Since lyft is not giving me a break down on the commissions withheld, am i supposed to just figure the difference from what i was actually paid vs. the gross they are giving me?


----------



## Tristan Zier (Nov 25, 2014)

jo5eph said:


> Since lyft is not giving me a break down on the commissions withheld, am i supposed to just figure the difference from what i was actually paid vs. the gross they are giving me?


Looks like they may be revamping the breakdown currently (that post is from today): https://drivers.lyft.com/customer/p...t-s-fee-and-the-power-driver-bonus-?b_id=3241


----------



## frndthDuvel (Aug 31, 2014)

jo5eph said:


> Since lyft is not giving me a break down on the commissions withheld, am i supposed to just figure the difference from what i was actually paid vs. the gross they are giving me?

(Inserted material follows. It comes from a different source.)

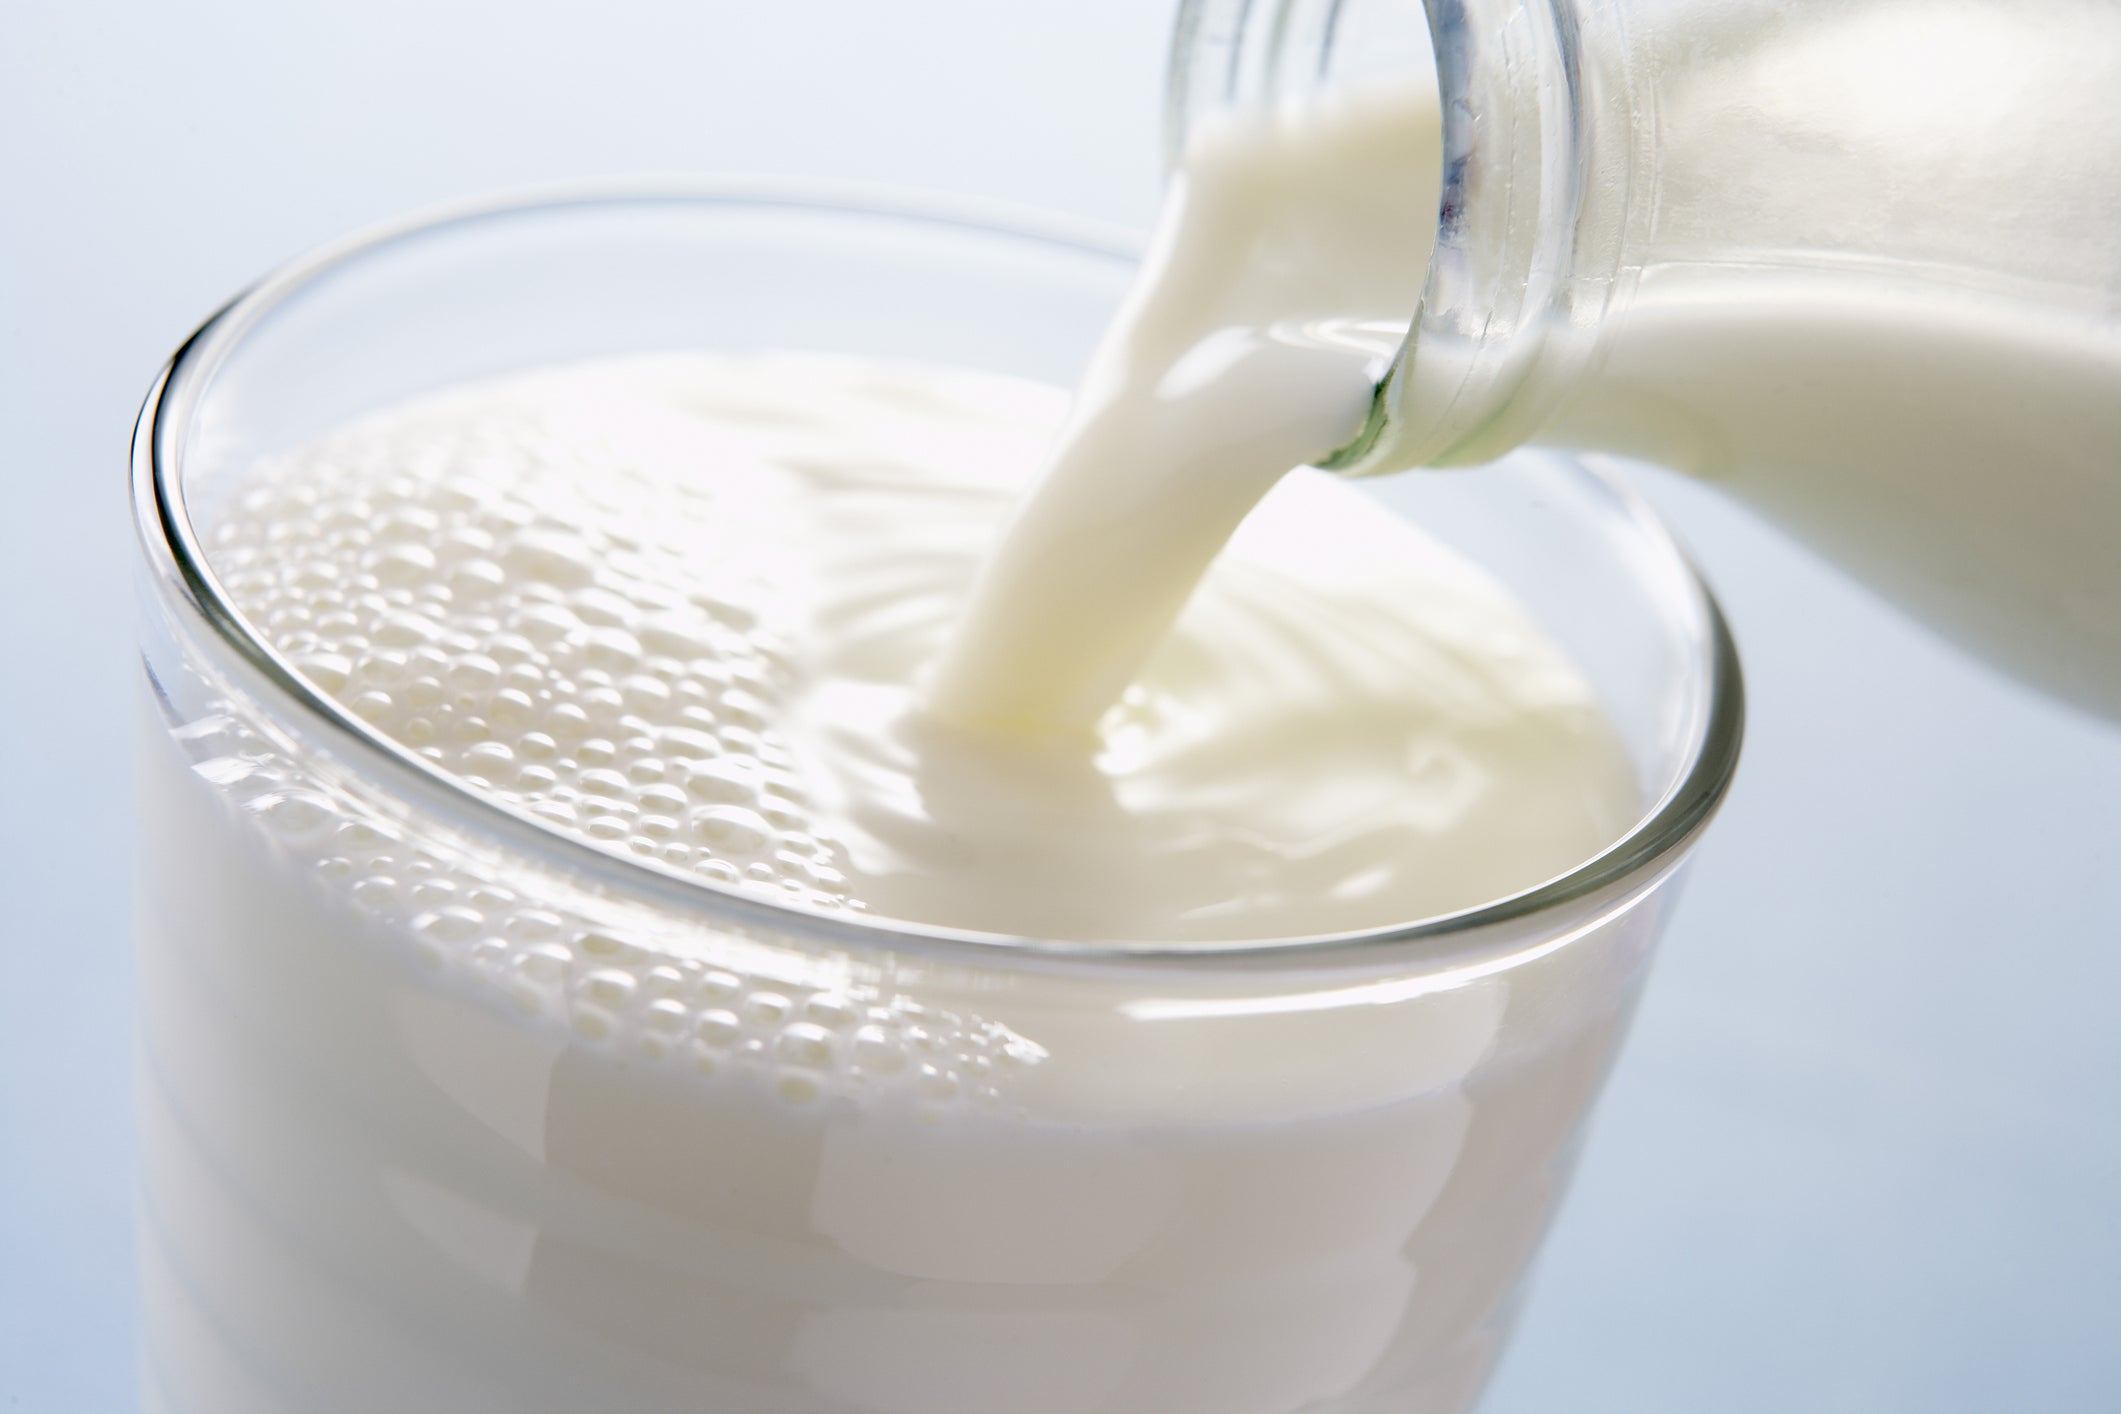 10 ประโยชน์ของนมที่คุณไม่เคยรู้ แม้แต่ทุกครั้งที่ดื่มทุกวัน

If you click on the link in the email they sent you it should take you to a summary for the year.


----------



## geeman (Aug 22, 2014)

Tristan Zier said:


> As I mentioned, Uber was not required to send a 1099-K. However, they sent one to help their drivers. Lyft apparently opted not to send one. More on Uber's 1099 here: ********************/blog_posts/read-uber-1099


Hey Tristan your web site is awesome and has great info and really appreciate it. You showed how to use the Uber 1099k but could you also shed some light on Lyft's half ass statement several of us received. Do we do a separate schedule C or can we lump uber and lyft on the same sched c? Could you shed some light on how to file when driving for both Uber and Lyft as I am sure many on this forum drive for both.


----------



## Tristan Zier (Nov 25, 2014)

geeman said:


> Hey Tristan your web site is awesome and has great info and really appreciate it. You showed how to use the Uber 1099k but could you also shed some light on Lyft's half ass statement several of us received. Do we do a separate schedule C or can we lump uber and lyft on the same sched c? Could you shed some light on how to file when driving for both Uber and Lyft as I am sure many on this forum drive for both.


Here's a post on how to read Lyft info: ********************/blog_posts/lyft-1099

It's addressed in there, but Uber and Lyft are both part of your "driving services" business and so go on one Schedule C. If you have other types of businesses, you'll have to do a separate Schedule C for those.


----------



## geeman (Aug 22, 2014)

Tristan Zier said:


> Here's a post on how to read Lyft info: ********************/blog_posts/lyft-1099
> 
> It's addressed in there, but Uber and Lyft are both part of your "driving services" business and so go on one Schedule C. If you have other types of businesses, you'll have to do a separate Schedule C for those.


Thank you so much. You are a godsend


----------



## UberCemetery (Sep 4, 2014)

*Click link below.

http://www.irs.gov/Businesses/Understanding-Your-1099-K
*


----------



## geeman (Aug 22, 2014)

UberCemetery said:


> *Click link below.
> 
> http://www.irs.gov/Businesses/Understanding-Your-1099-K*


Link doesn;t work


----------



## UberCemetery (Sep 4, 2014)

ok try that now - that was weird?


----------



## geeman (Aug 22, 2014)

UberCemetery said:


> ok try that now - that was weird?


better


----------